Halloween Traditions

My earliest memory of Halloween was the year I was Belle. My grandma, who I was convinced had the talent to craft anything, made me the classic yellow dress. She added colorful jewel embellishments which made it extra awesome. I was shocked to find out not all families participated in Halloween festivities. I knew about the scary stuff, but my Halloween was a Belle dress, free candy, pumpkins, and the Peanuts special on TV. The costume changed, but the fun and sugar overload remained. 
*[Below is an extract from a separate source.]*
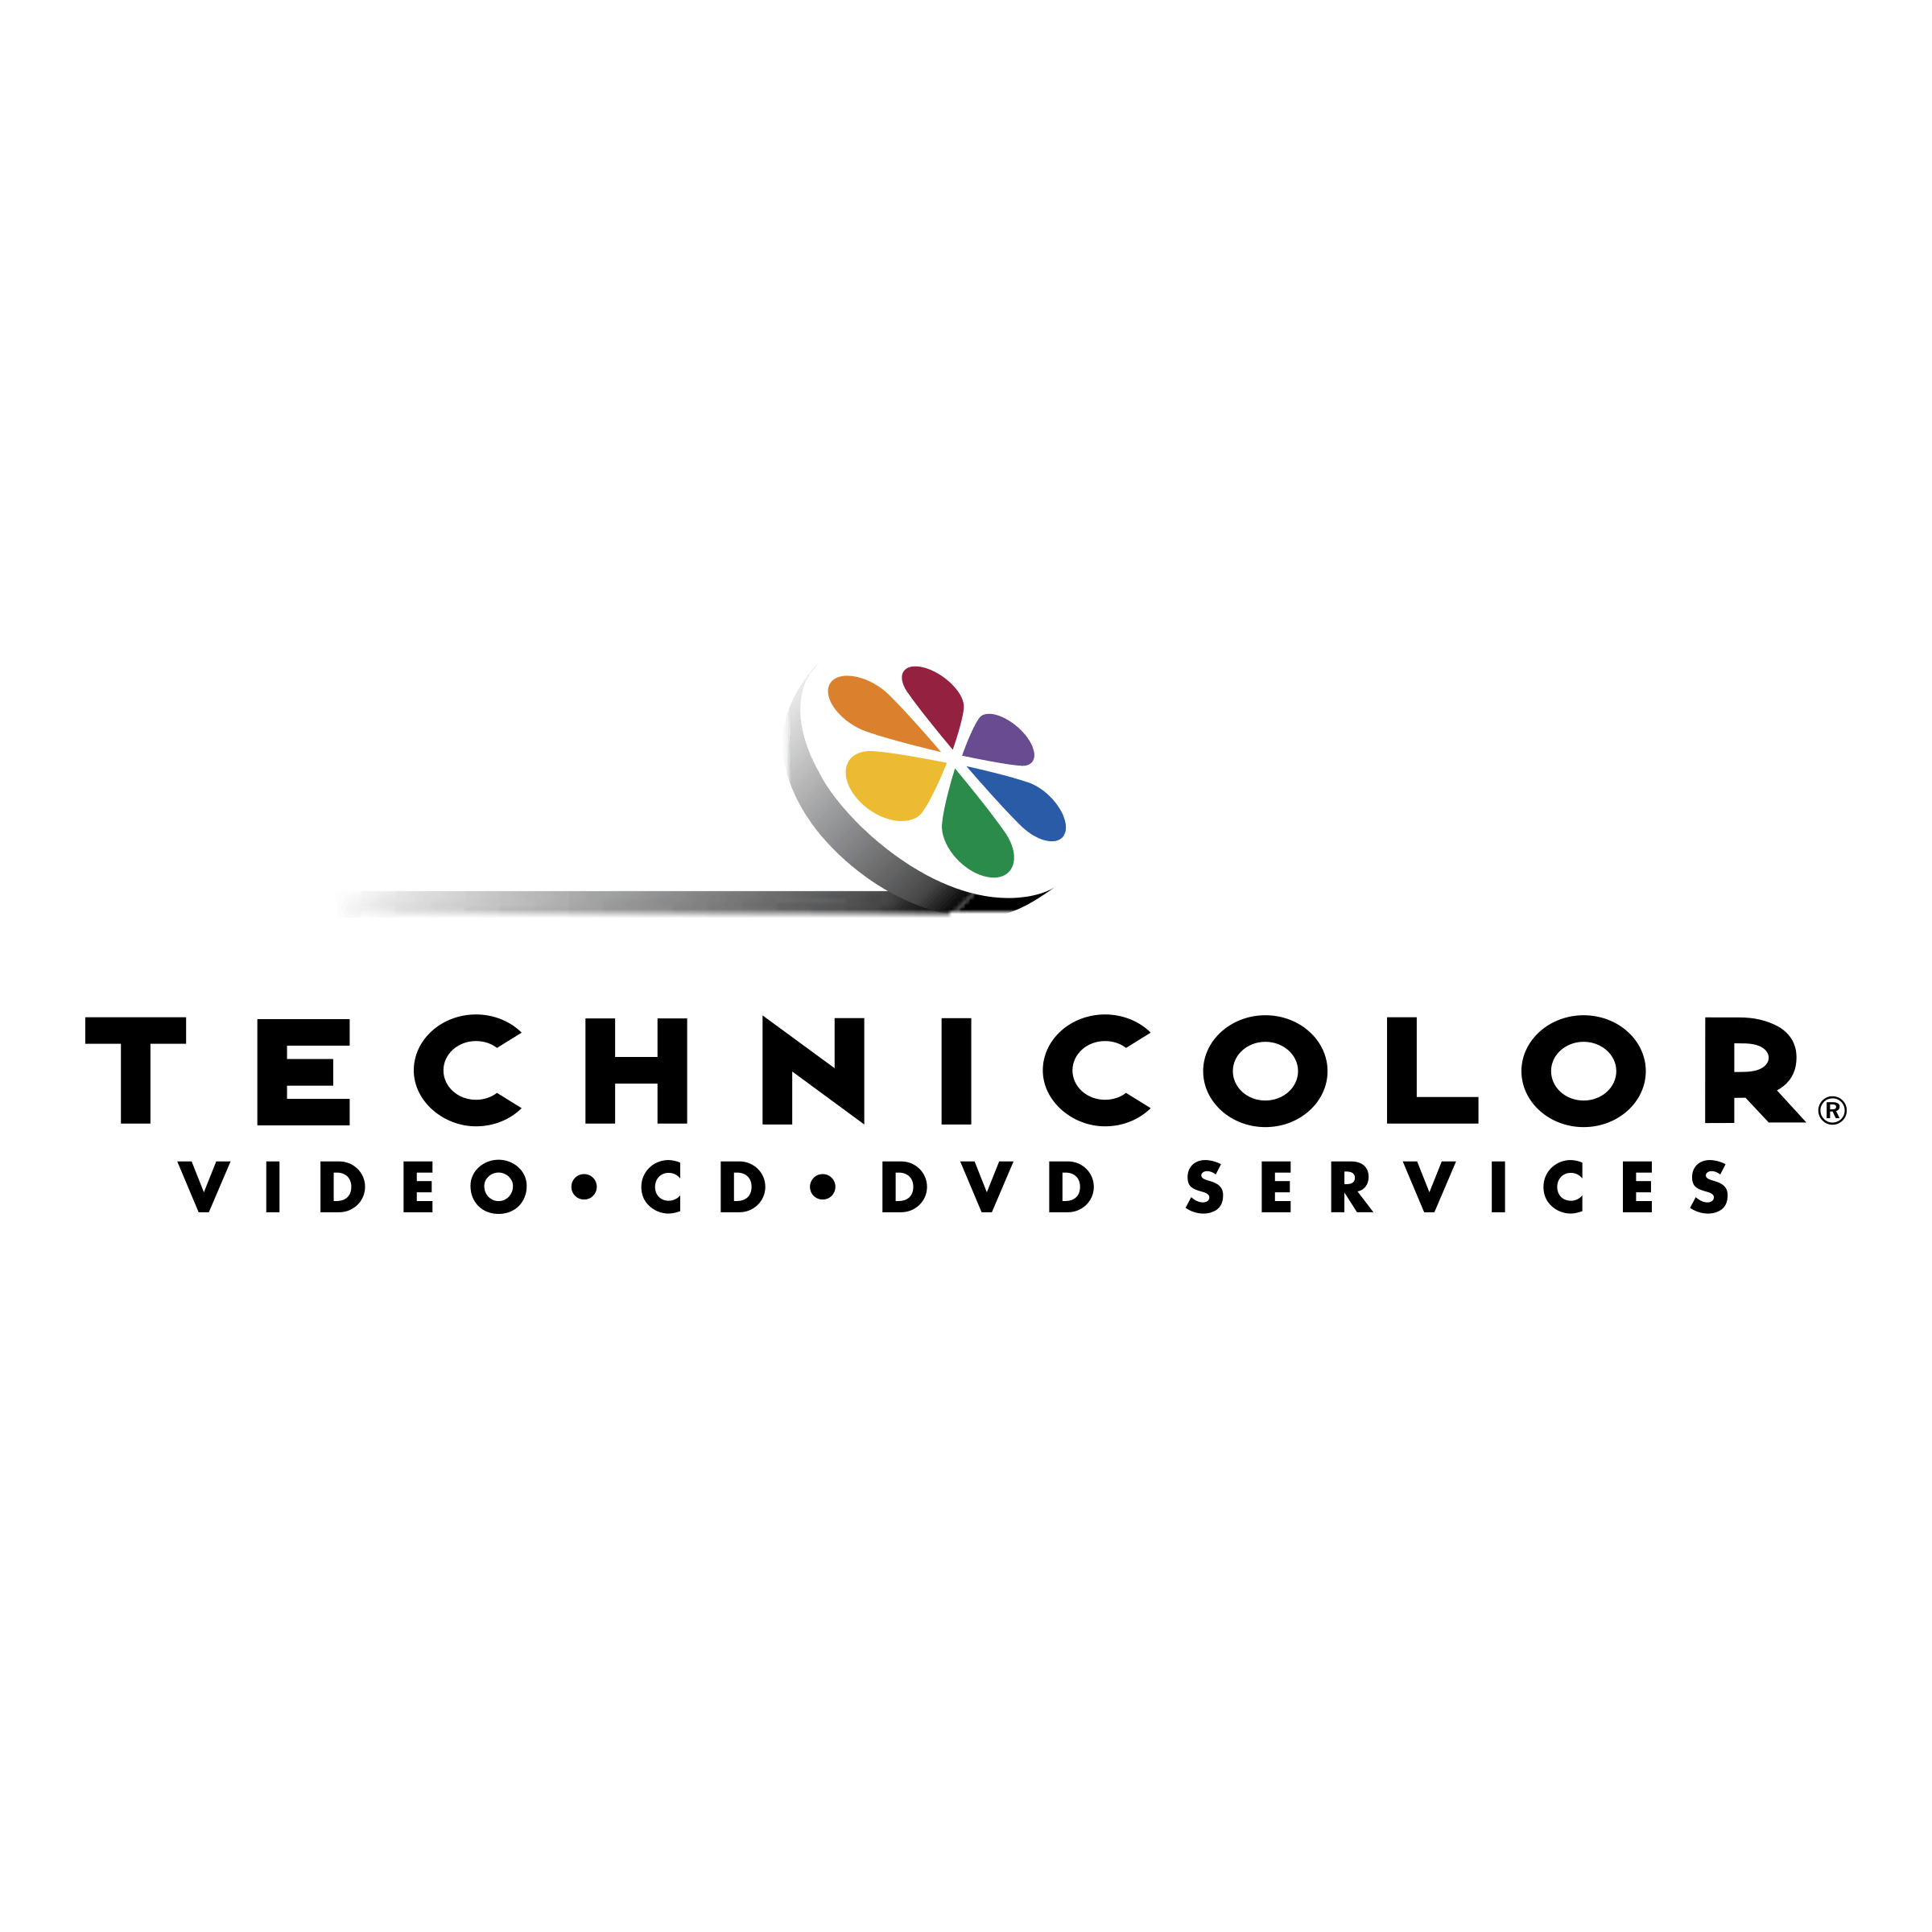 Technicolor Logo - Technicolor Logo PNG Transparent & SVG Vector

I’m a bit of a history nerd and we read up on a little Halloween history as a family this year. It’s interesting to learn about what influenced the development of the traditions we have now. There was apparently a push for a more neighborly, community-centered Halloween in the 1800s. We see this today in a growing offering of safe trick-or-treat events put on by towns and churches; in teal pumpkins to think of our young neighbors who can’t have the candy, but shouldn’t miss out on the fun with their peers; and the gentle reminders to let kids be kids and welcome trick-or-treaters of all sizes who show up on our doorstep.

We acknowledge the problem of being more connected to our devices than people. Halloween activities provide the opportunity to greet your neighbors and show kindness to your community. Yes, Halloween has a dark side, both imaginary and real. We still have news reports of candy tampering and I remember my dad checking my haul every year. (Although, as a parent myself now, I’m skeptical of how many of those suspect candies were really a “Dad Tax.”) We can stay behind our closed doors, or we can choose to be the light.